H0: La relación etre setosa, virgínicas y versicolor es 2, 2, 1 respectivamente.
HA: La relación etre setosa, virgínicas y versicolor es distinta a 2, 2, 1 respectivamente.
data("iris")
flores = c(20, 25, 9)
sol = chisq.test(flores, p = c(2/5, 2/5, 1/5))
sol
##
## Chi-squared test for given probabilities
##
## data: flores
## X-squared = 0.9537, df = 2, p-value = 0.6207
Como el p value me dio mayor 0.6207 que es mayor que 0.05 se acepta la hipótesis nula, que es que la realación es efectivamente 2, 2, 1.
El goleador del campeonato chileno Zampedri tuvo una efectividad del 0.79%(0.79 goles por partido). Este año marcó 19 goles en 29 partidos disputados. Considerando un nivel de significancia del 0.05 ¿Podemos afirmar que la proporción de goles por partido este año 2022 es menor o igual que el 0.79% del 2021?.
H0: La proporción de goles por partido de Zampedri el 2022 permanece por debajo que el del 2021 (p <= 0.79).
HA: La proporción de goles por partido de Zampedri el 2022 esta sobre o igual que el del 2021 (p > 0.79).
Para responder la pregunta, se realiza el cálculo.
# Datos
X = 18
pbar = 18/29
p0 = 0.79
n = 29
print(prop.test(X, n, p = p0, alt = "greater", correct = FALSE))
##
## 1-sample proportions test without continuity correction
##
## data: X out of n, null probability p0
## X-squared = 5.0109, df = 1, p-value = 0.9874
## alternative hypothesis: true p is greater than 0.79
## 95 percent confidence interval:
## 0.4682765 1.0000000
## sample estimates:
## p
## 0.6206897
Dado que el p obtenido(0.9874) es mayor que 0.05, Se acepta hipótesis nula, es decir Zampedri se mantiene con un porcentaje de efectividad debajo del 0.79.
Se hizo una encuesta a estudiantes de un curso en un colegio. a estos se les realizó la siguiente pregunta. ¿que universidad prefieren para entrar? 25 dijeron la USACH, y 15 la UDEC, comprobar si son iguales en popularidad o no.

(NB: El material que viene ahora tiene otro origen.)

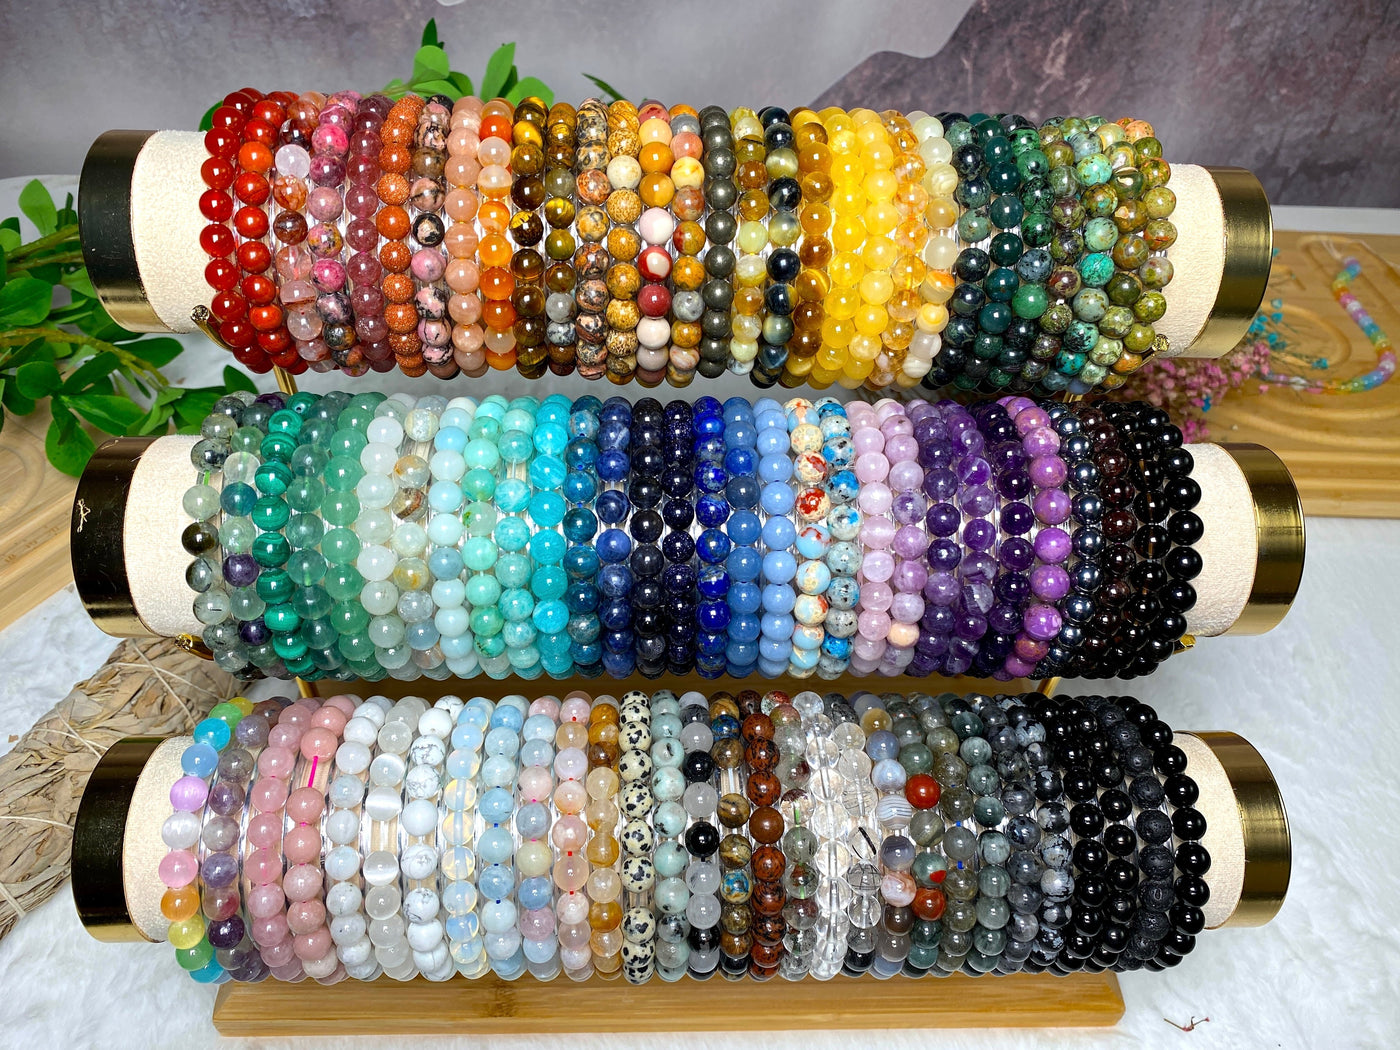 Crystal bracelet 90 kinds of 8mm Natural bracelets No.1-70

H0: Ambas son igual de populares.
HA: No son igual de populares.
Para responder esta pregunta se realiza el cálculo.
binom.test(25, 40)
##
## Exact binomial test
##
## data: 25 and 40
## number of successes = 25, number of trials = 40, p-value = 0.1539
## alternative hypothesis: true probability of success is not equal to 0.5
## 95 percent confidence interval:
## 0.4580148 0.7727373
## sample estimates:
## probability of success
## 0.625
Como el p value obtenido(0.1539) es mayor que 0.05, se acepta la hipótesis nula, o sea son igual de populares.
Se dice que en promedio los árboles miden 6.5 metros, y se tiene una muestra de arboles, comprobar si la muiestra tiene la misma media.

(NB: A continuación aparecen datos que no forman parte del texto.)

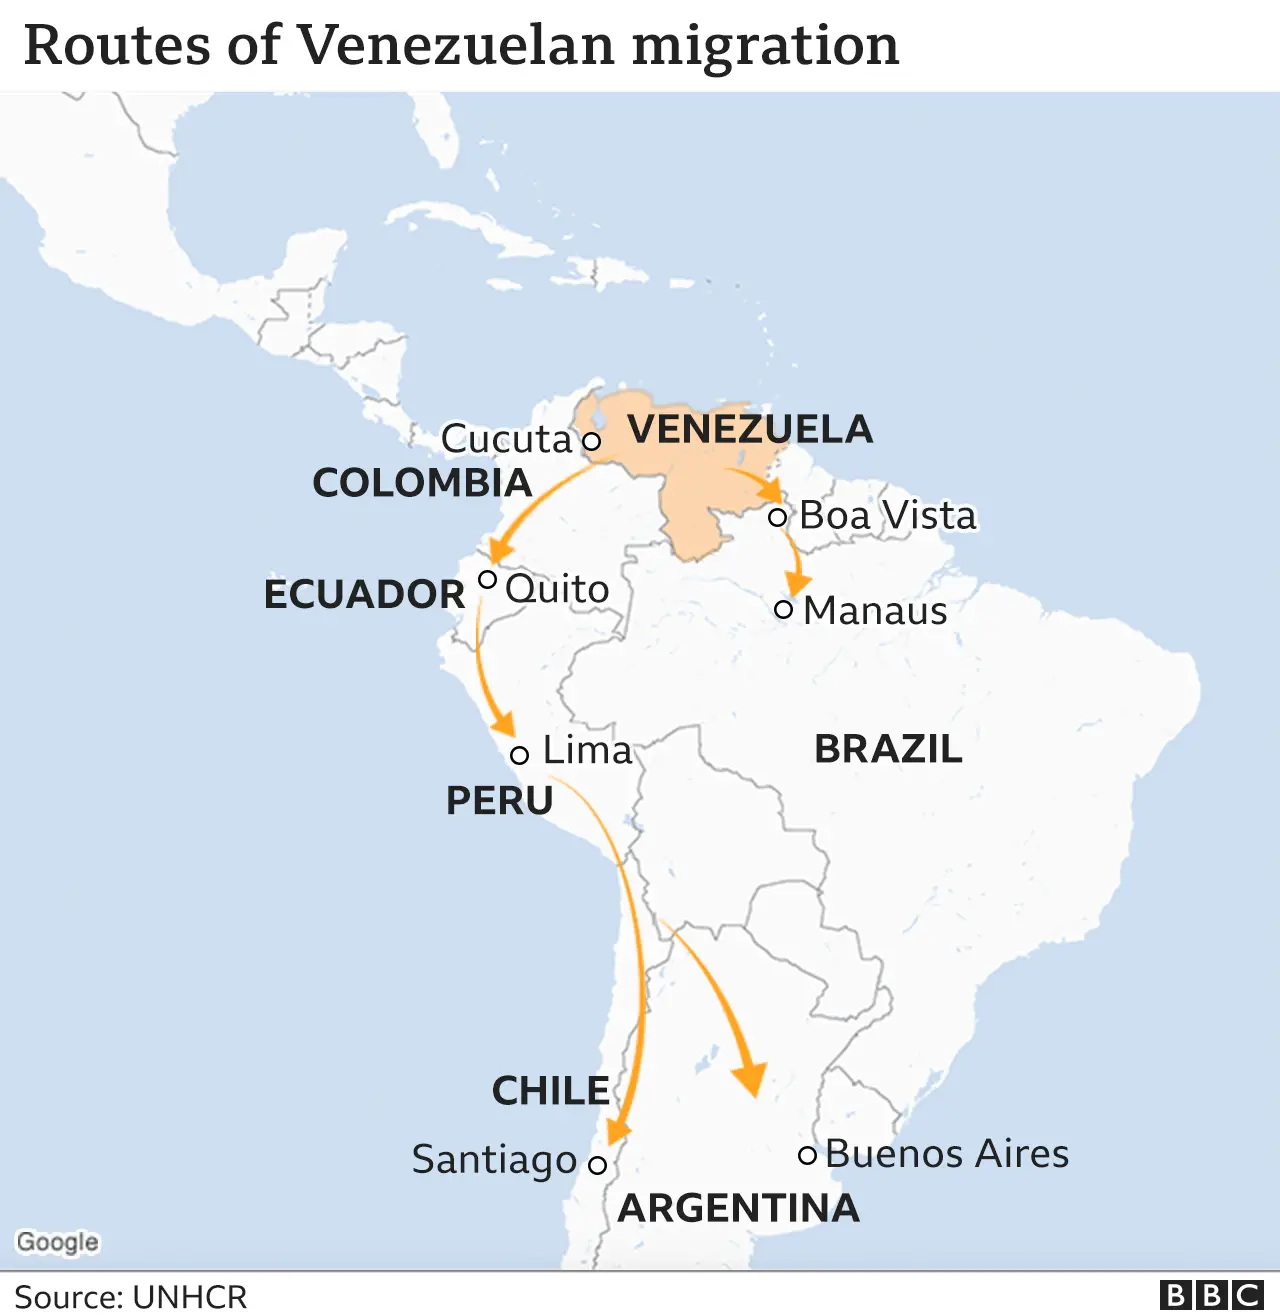  118479285 Venezuela Map Migration Routes V3 640 Nc .webp

H0: Tienen la misma media.
HA: Difieren las alturas.
Para comprobar esto se hacen sus respectivos cálculos
arboles = c("arbol a", "arbol b", "arbol c", "arbol d", "arbol e", "arbol f", "ärbol g")
alturas = c(4, 5, 6, 7, 8, 3, 6)
dataArbolAltura = data.frame(arboles, alturas)
wilcoxon = wilcox.test(alturas, mu = 6.5)
## Warning in wilcox.test.default(alturas, mu = 6.5): cannot compute exact p-value
## with ties
wilcoxon
##
## Wilcoxon signed rank test with continuity correction
##
## data: alturas
## V = 6.5, p-value = 0.2325
## alternative hypothesis: true location is not equal to 6.5
Como el p value calculado es 0.2325, o sea mayor que 0.05, se acepta la hipótesis nula, por lo tanto las medias si son iguales.